The new administration will likely view private equity less skeptically than the Biden administration, which focused more of its antitrust attention on serial acquirers. Under the prior Trump administration, the DOJ treated strategic and financial buyers neutrally. The incoming administration is expected to return to this neutral standard.

The FTC’s rule banning employee noncompete agreements may be rescinded or weakened. Although Trump has not spoken directly on the matter, Trump may appoint commissioners to the FTC who would rescind the rule or instruct government lawyers not to defend the rule in court.

Venture Capital

The incoming administration will likely be more crypto-friendly than the Biden administration, which may reduce the risk of investing in the crypto space. Atkins has worked closely with various cryptocurrency firms and organizations to develop regulatory best practices, is expected to advocate for less aggressive enforcement and for regulations that are more crypto-friendly. Current SEC Commissioners Hester Peirce and Mark Uyeda have also advocated for a less disruptive approach to cryptocurrency than Gensler’s “regulation by enforcement” approach. Peirce and Uyeda, who will remain as Commissioners alongside Atkins, would prefer to halt the aggressive enforcement campaign and instead collaborate with other agencies or Congress to create a more transparent and structured regulatory framework.

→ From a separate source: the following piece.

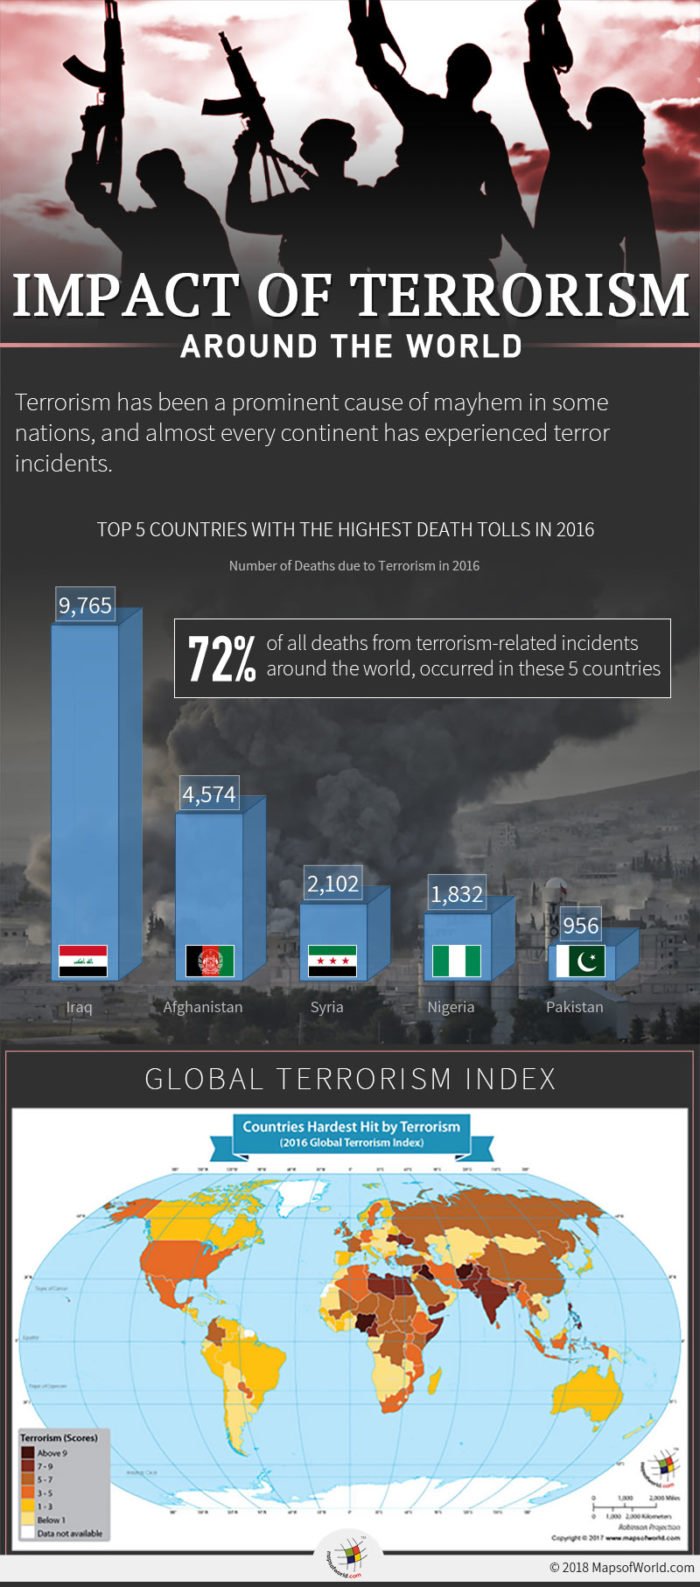 Infographic elaborating Impact of Terrorism

Venture capital firms may also find new opportunities to invest in climate-tech startups, as an expected decrease in federal support for climate-related businesses is expected to create an investment vacuum in this space.

This article is part of a broader analysis examining the anticipated challenges and opportunities created by an administration change. Attorneys from several different practice areas contributed to this series of articles across multiple legal areas.